桂木彰人は、今朝もまた白い光に目を焼かれていた。襖の向こう、障子越しに広がるのは、色を持たない世界だった。淡く、無機質な明るさが室内のすべてを覆い、どこまでも静かに、そこにあった。

天井に節の目立つ杉板を見上げながら、彰人は仰向けのまま、ゆっくりと瞬きをした。何度繰り返しても、見えるものは同じだった。飽きもせず、退屈もせず、ただそこに存在しているという事実だけが、時間を押し流していく。

右手を持ち上げる。指先にかかるのは、絹の肌掛け。緋色のそれをなぞるように撫でたあと、彰人は静かに起き上がった。布団の端が揺れ、微かな香が立つ。椿油。昨夜、髪に塗ったまま眠っていたことを思い出し、うなじに重さを感じた。

畳に素足を下ろし、立ち上がる。裾を引きずらぬよう、慎重に朝着の帯を締め直し、障子に向かって歩いた。ガラリと開けた先にあるのは、手入れの行き届いた中庭だった。だが、その景色すらも、彼にとっては装飾に過ぎない。

椿の葉が光を弾いていた。風はなかった。蝉の声すら遠く、邸内には自分の衣擦れと足音だけが響いた。

彰人はしばらく黙って庭を眺めていたが、やがて障子を閉め、再び部屋の中央に戻ると、書見台の前に座った。

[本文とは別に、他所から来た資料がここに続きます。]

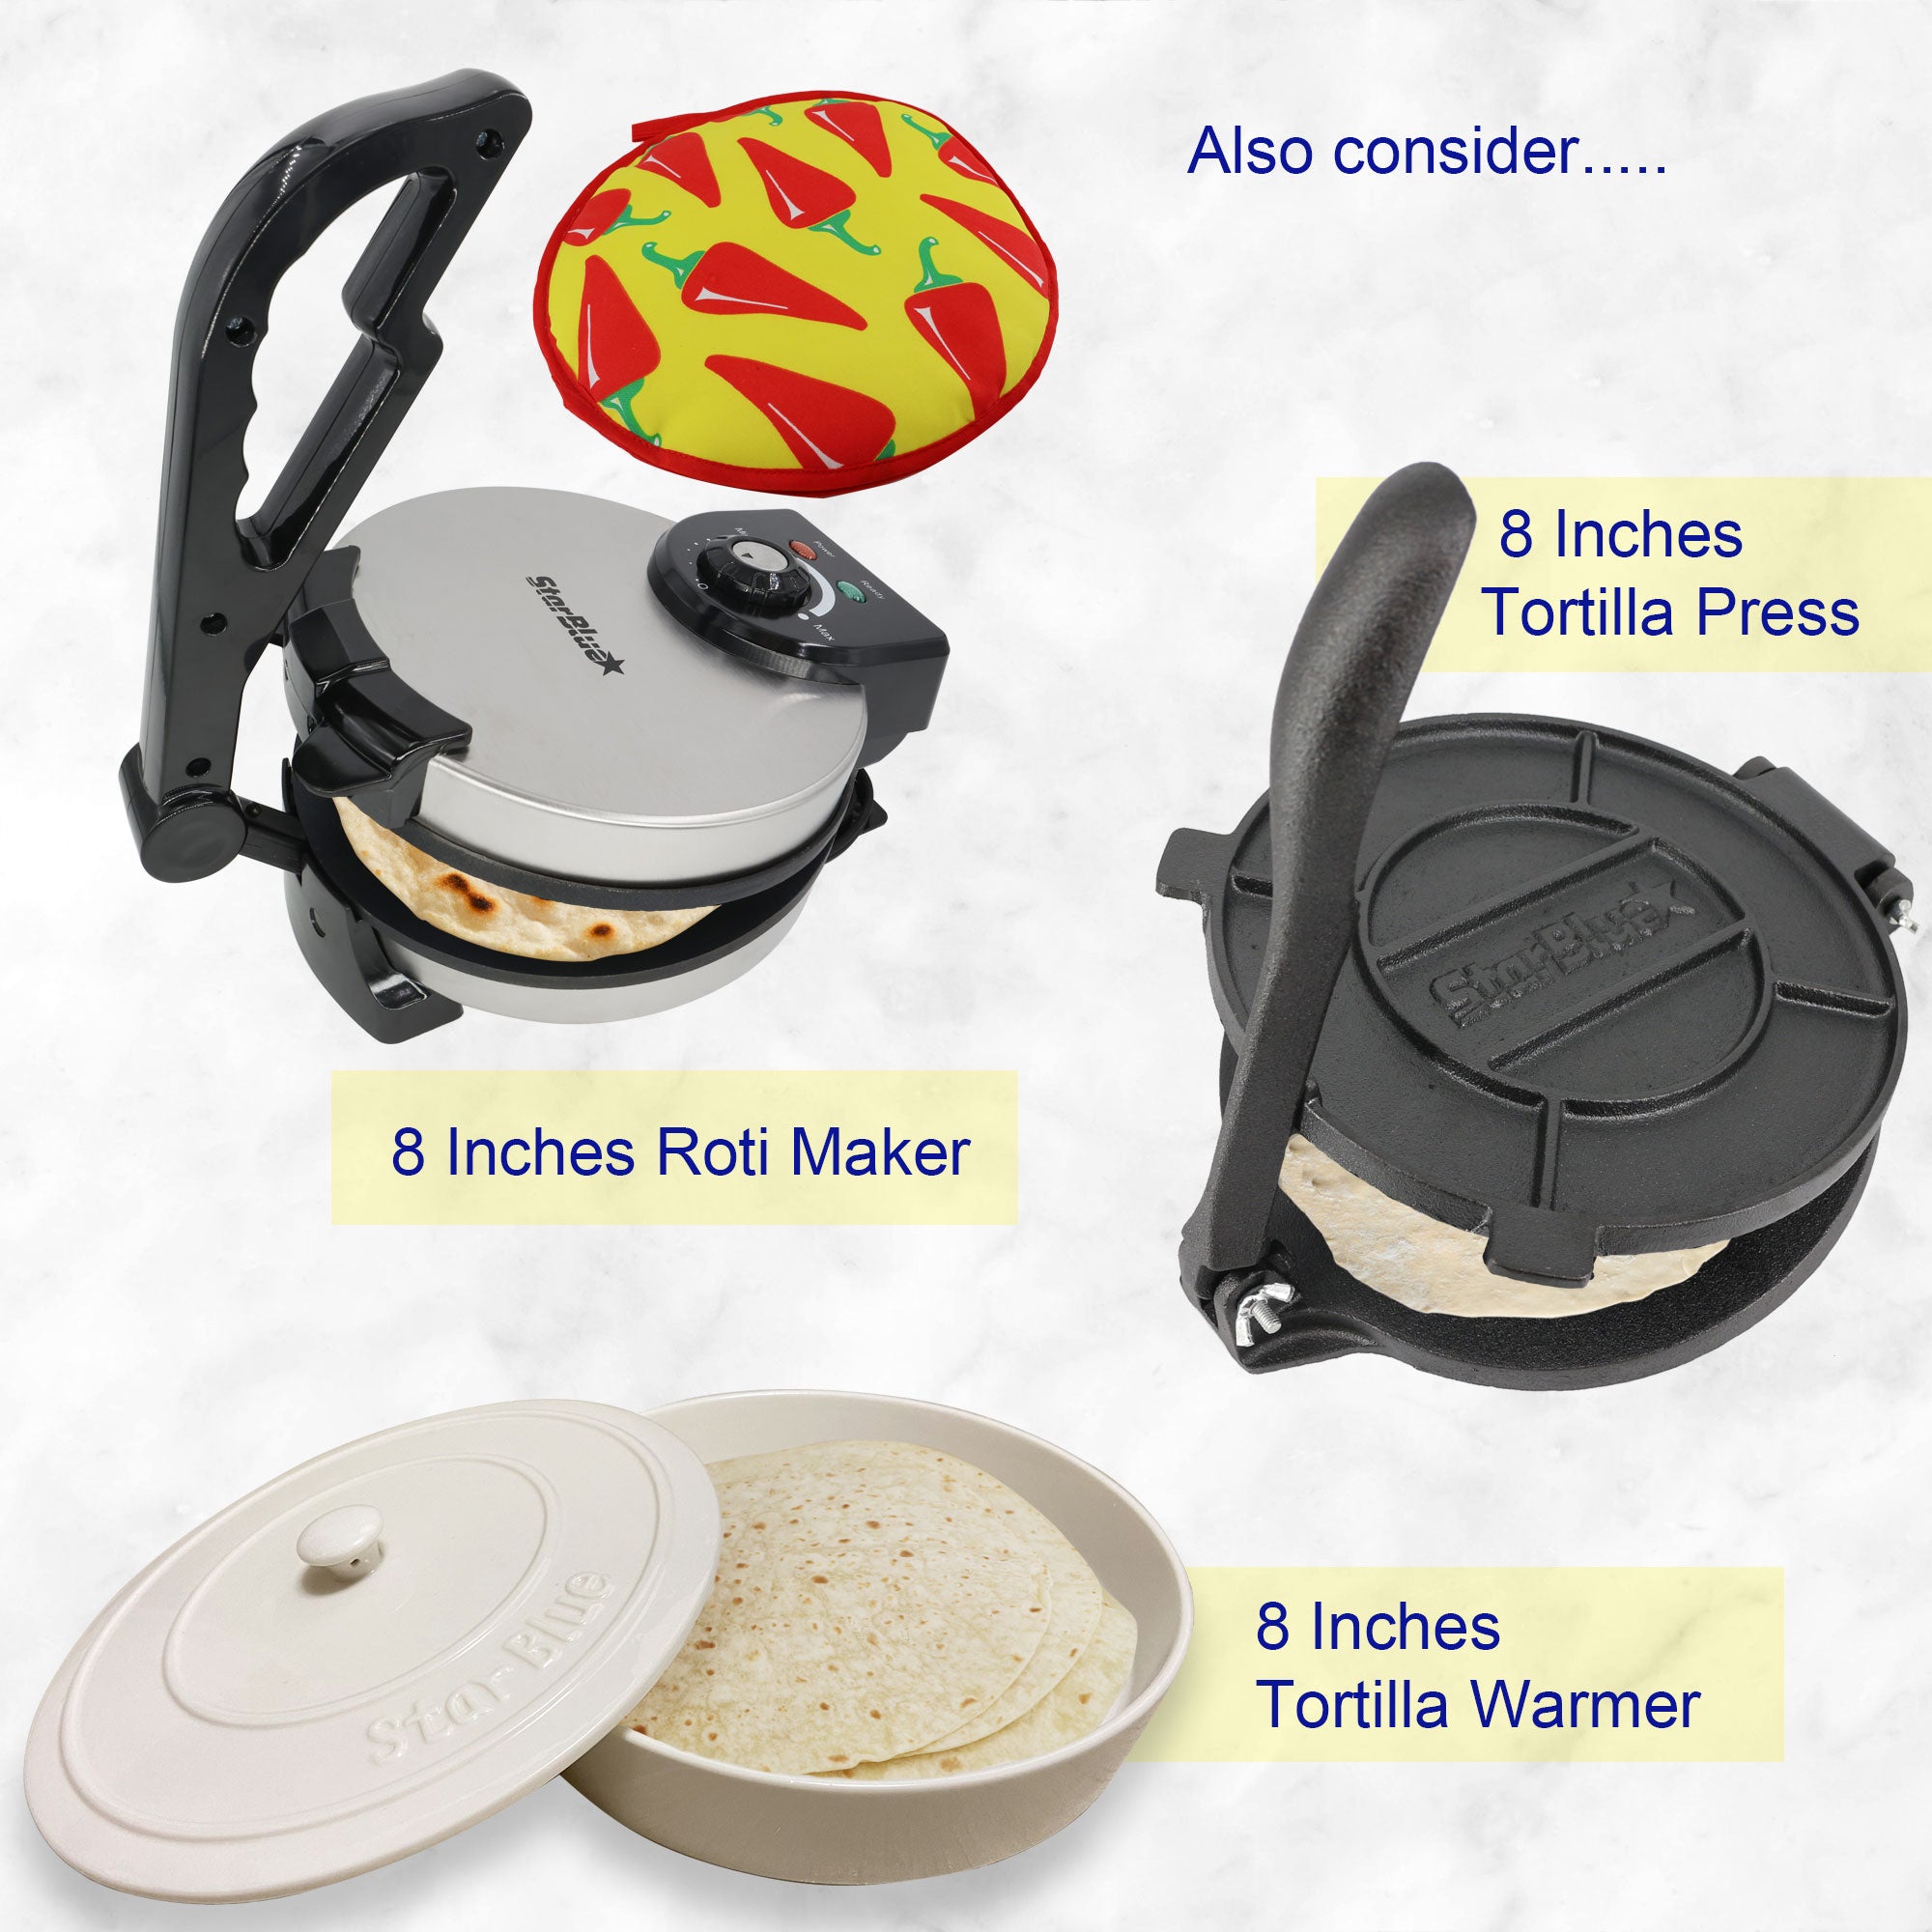 10 Inch Cast Iron Tortilla Press and 10 Inches Ceramic Tortilla Warmer by  StarBlue with FREE Recipes ebook
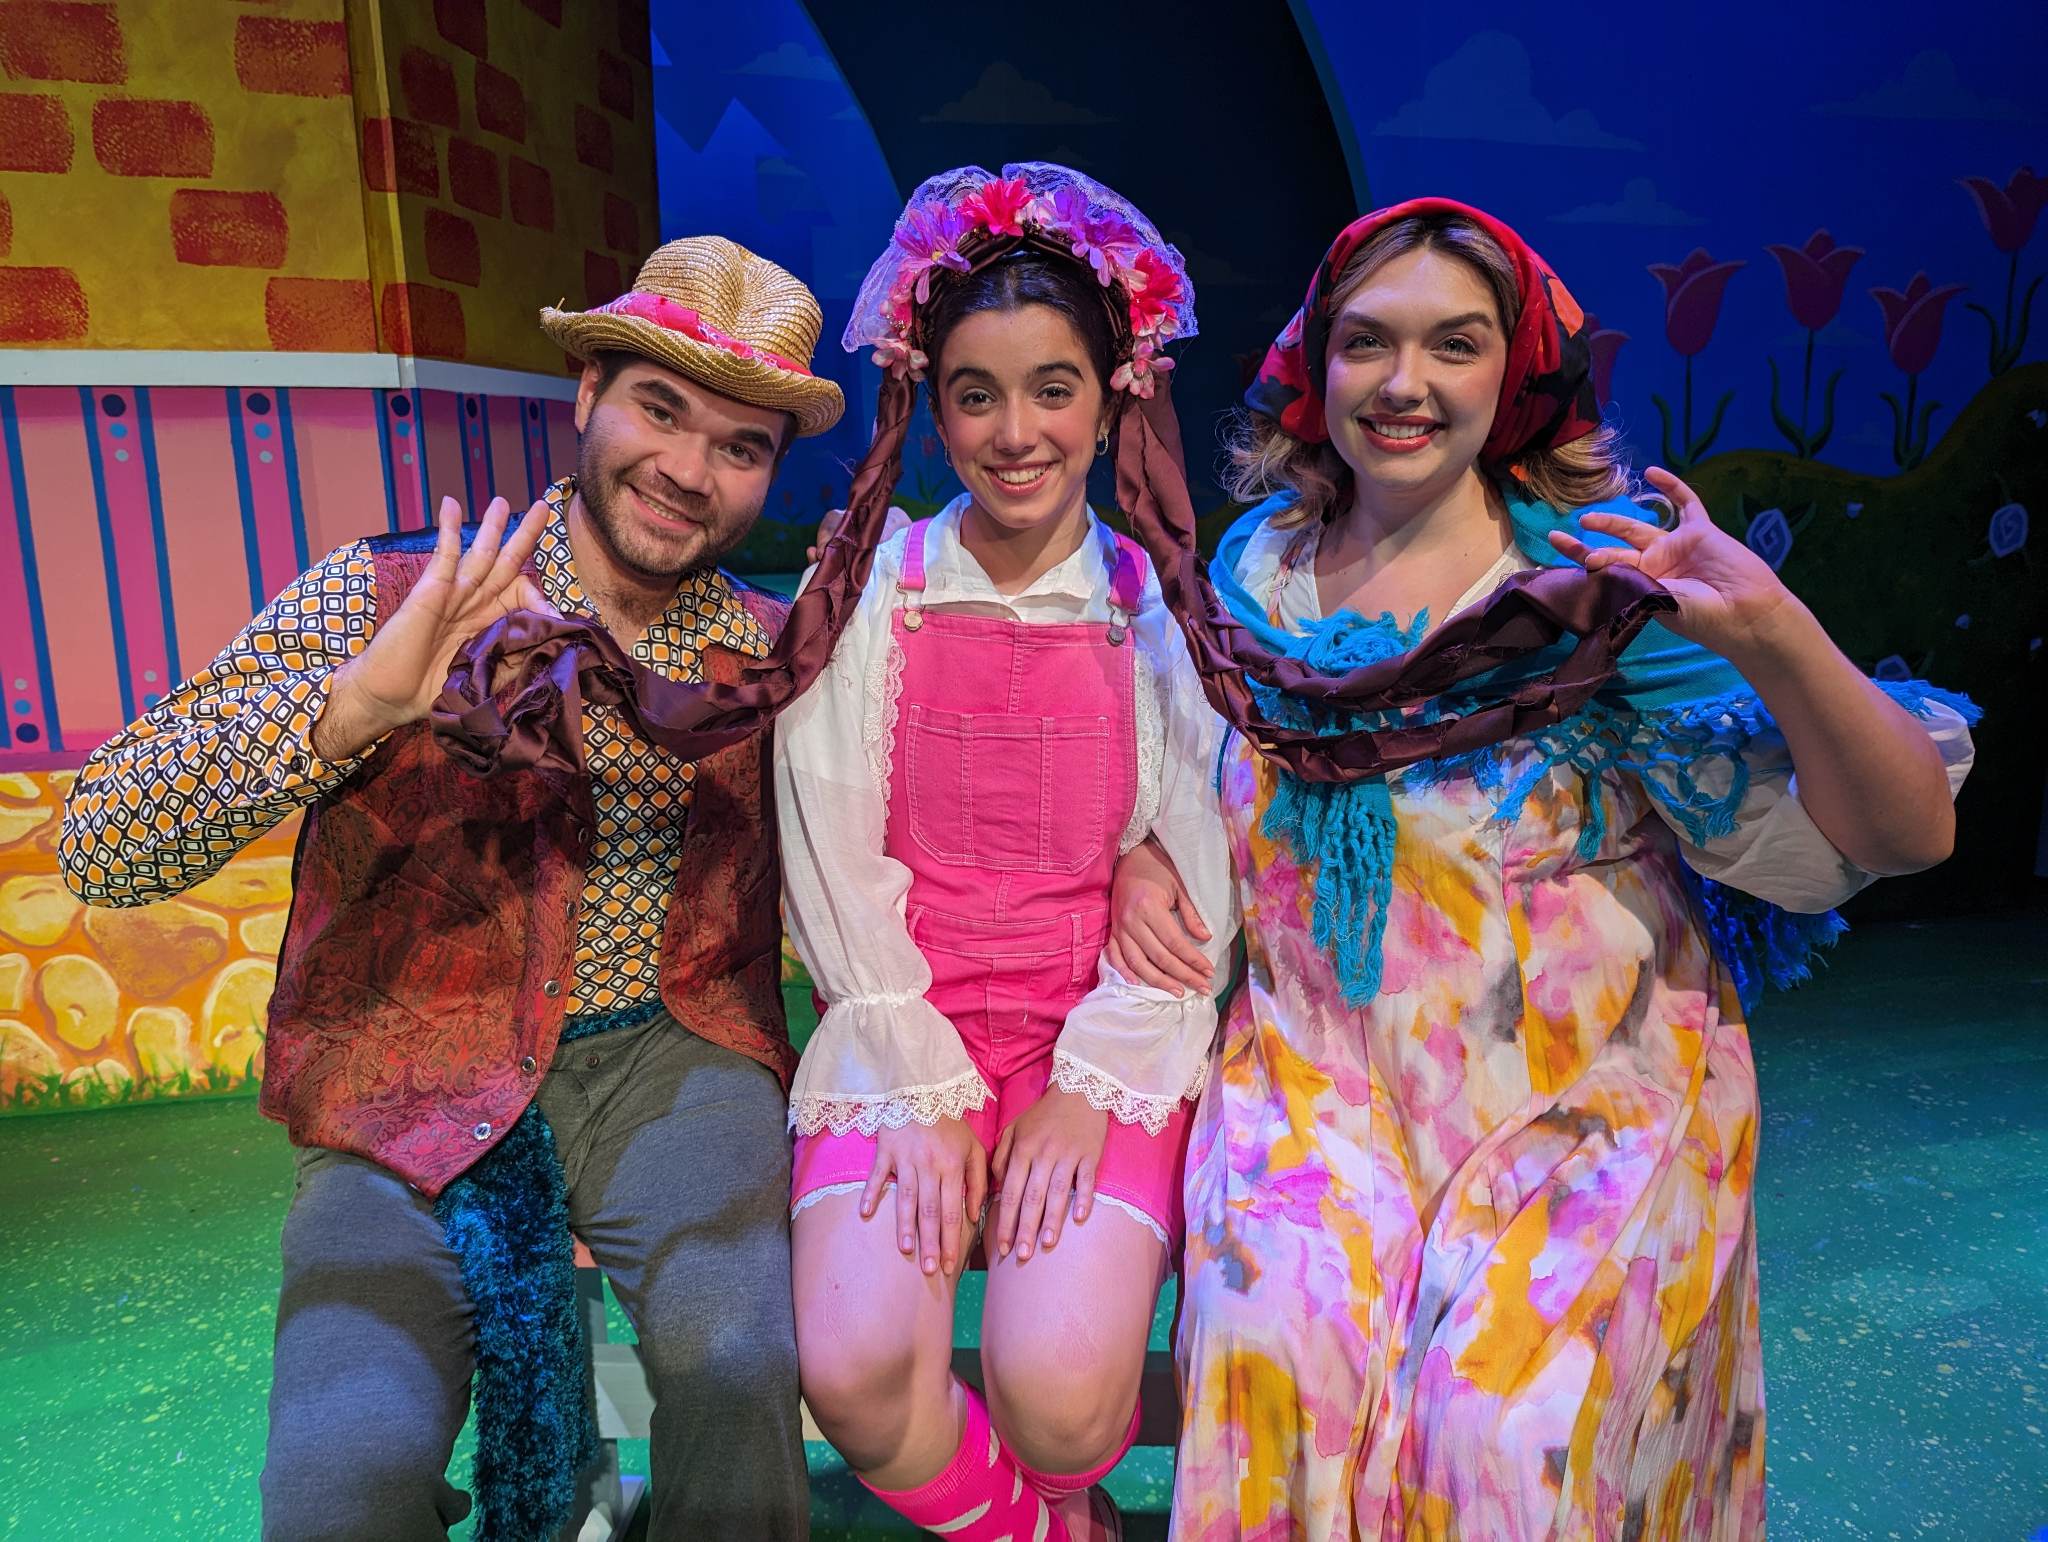 Eric (Stephen Denning) and Mary (Maria Hefte) share a light hearted moment with their daughter Rapunzel (Kelly Laines)

開いたままの本。昨夜、灯を落とす寸前まで読んでいた漢詩集だった。古い紙の匂いが鼻をくすぐる。指先で頁をなぞるたびに、静電気のような感覚が生まれた。彼にとって、言葉は唯一許された娯楽だった。

だが今朝は、不思議と文字が目に入らなかった。

頬に手をあてた。冷たい。だが、それ以上に感覚が乏しい。生きている実感が、今はどこにもなかった。

「また今日も…」

声に出したとたん、空気がわずかに震えた。

誰に向けたものでもない。それでも、そうしていなければ、自分がこの部屋の一部になってしまいそうだった。

桂木家の次男として生まれた彰人には、「美しさ」以外の役目はなかった。学問も、社交も、外出も許されない。家の名誉にそぐわないとされ、父と兄は彼を「桂木家の瑕疵」として、奥の間に封じた。

彰人自身、言葉にしなくても、それを理解していた。

しかし、理解しているからこそ、それに抗えなかった。

髪を梳かすとき、鏡に映る自分の姿に、どこかうっとりする感情を覚えてしまうことがある。自分が人として愛されることを求められていないとわかっていながら、それでも誰かの手に触れられたいと願う。そうした欲は、罪だった。

その罪を、彰人は自室で一人、幾度も繰り返していた。

脳裏に浮かぶのは、艶本の頁に描かれた、男たちの交わり。肌と肌が密着し、喉がふるえ、唇が触れる場面。墨の滲みが残る紙面に、彰人は指を這わせ、自分の中のなにかを確認するように、何度も読み返した。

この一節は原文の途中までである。